Given the animated debate over the use of live animals in medical education (“Wisconsin medical school’s dog research draws scrutiny,” March 12), it is worthwhile, I feel, to take a close look at the practice’s chief antagonists: the Physicians Committee for Responsible Medicine, or PCRM.
The misnamed “physicians committee” is a PETA-affiliated animal-rights group whose membership includes fewer than 4 percent physicians.

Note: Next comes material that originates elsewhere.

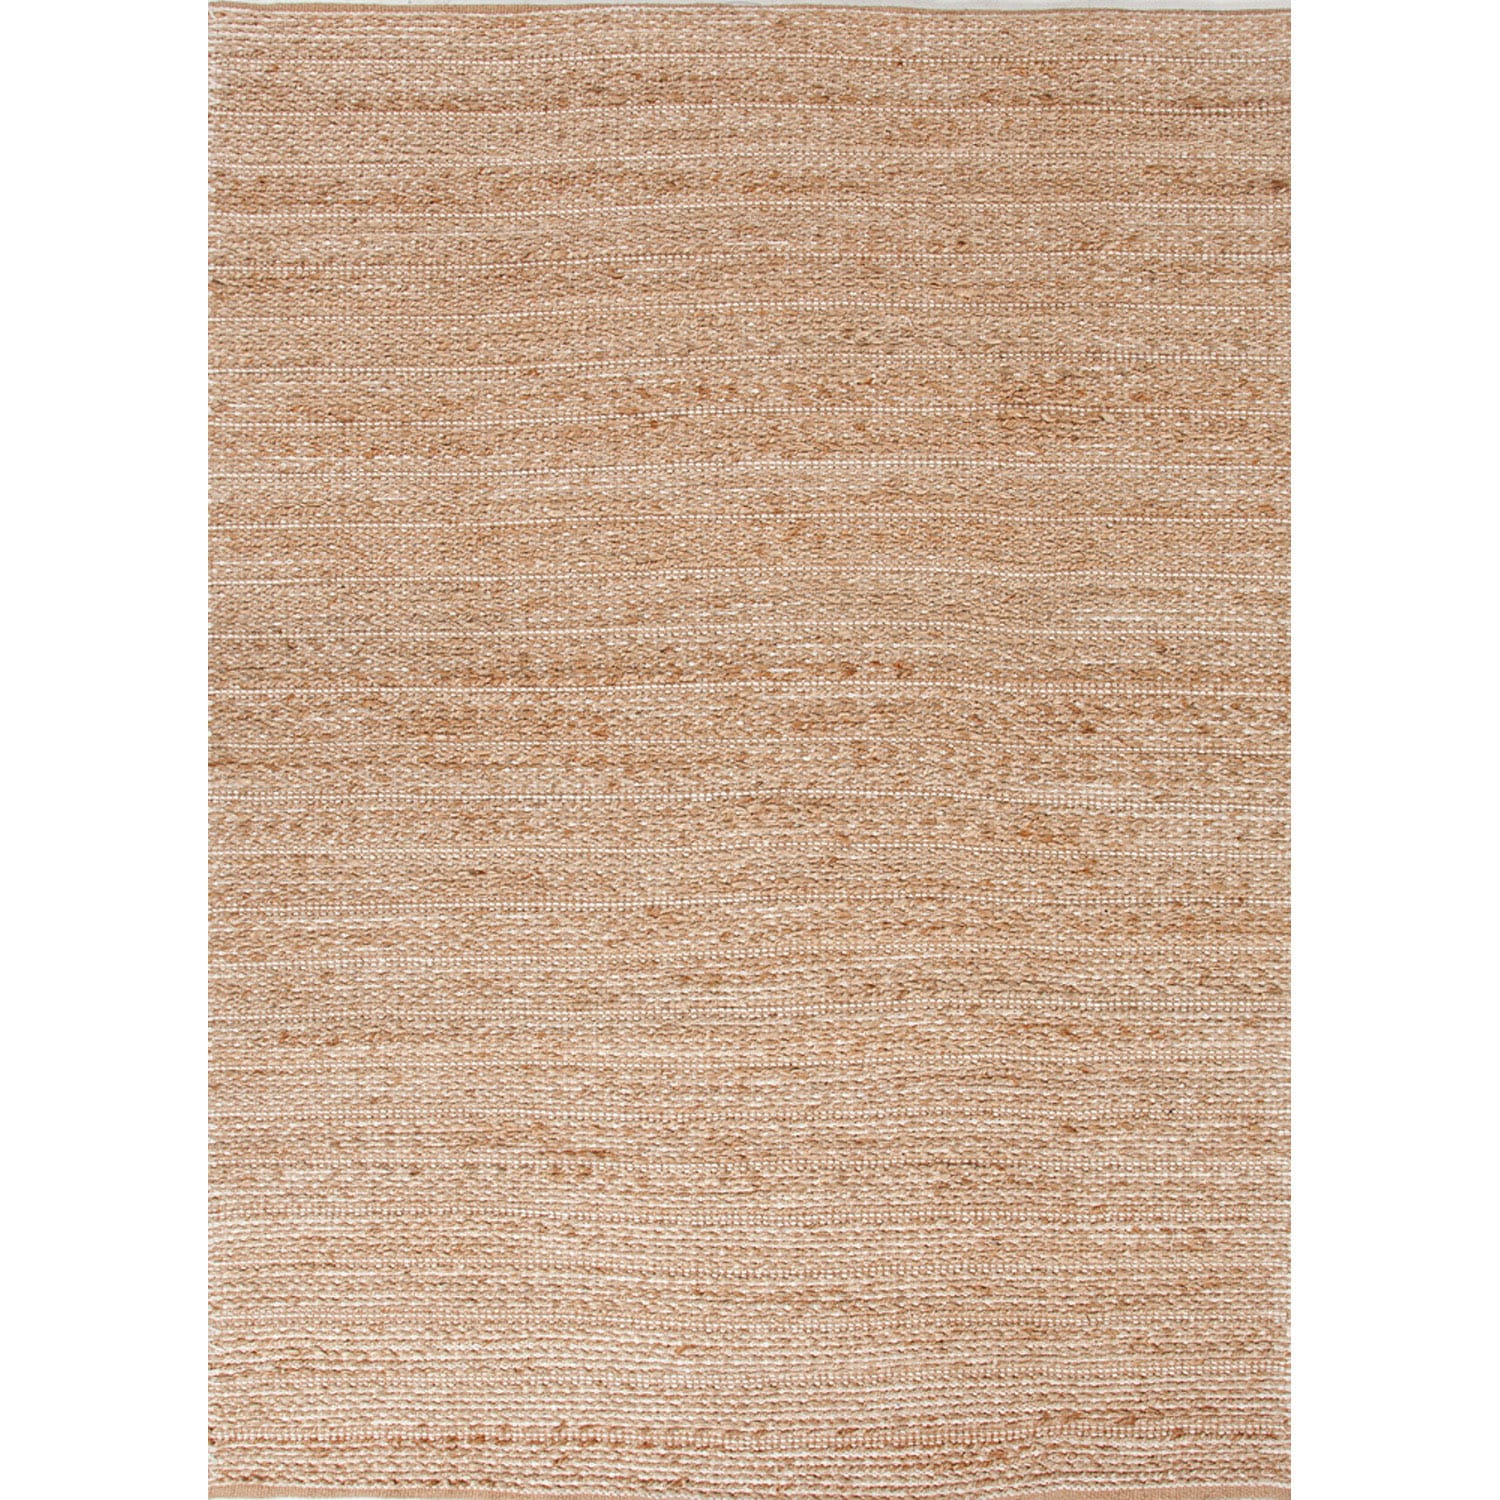 Handmade Naturals Solid Pattern Brown Rug (5 X 8)

Dr. John Pippin is an exception, a doctor who openly associates with PCRM. Most mainstream physicians understand how radical the group really is, including Pippin’s former employer. In 2004, the world-renowned Cooper Clinic terminated Pippin, its then-chief cardiovascular specialist, because the clinic learned he was moonlighting for the animal-rights fringe.
Earlier in 2004, Newsweek reported that PCRM’s president, psychiatrist Neal Barnard, had “co-signed letters on PCRM letterhead with the leader of Stop Huntingdon Animal Cruelty, an animal-rights group the Department of Justice calls a ‘domestic terrorist threat.”‘ That same leader, Kevin Kjonaas, who co-signed the letters with Barnard, was convicted earlier this month in federal court on domestic terrorism charges related to an animal-rights campaign.
As the lines continue to blur between the well-known PETA, its deceptively named front-groups, and the violent animal-rights subculture, it’s becoming harder for the public, to say nothing of medical school administrators, to know whose opinions to trust.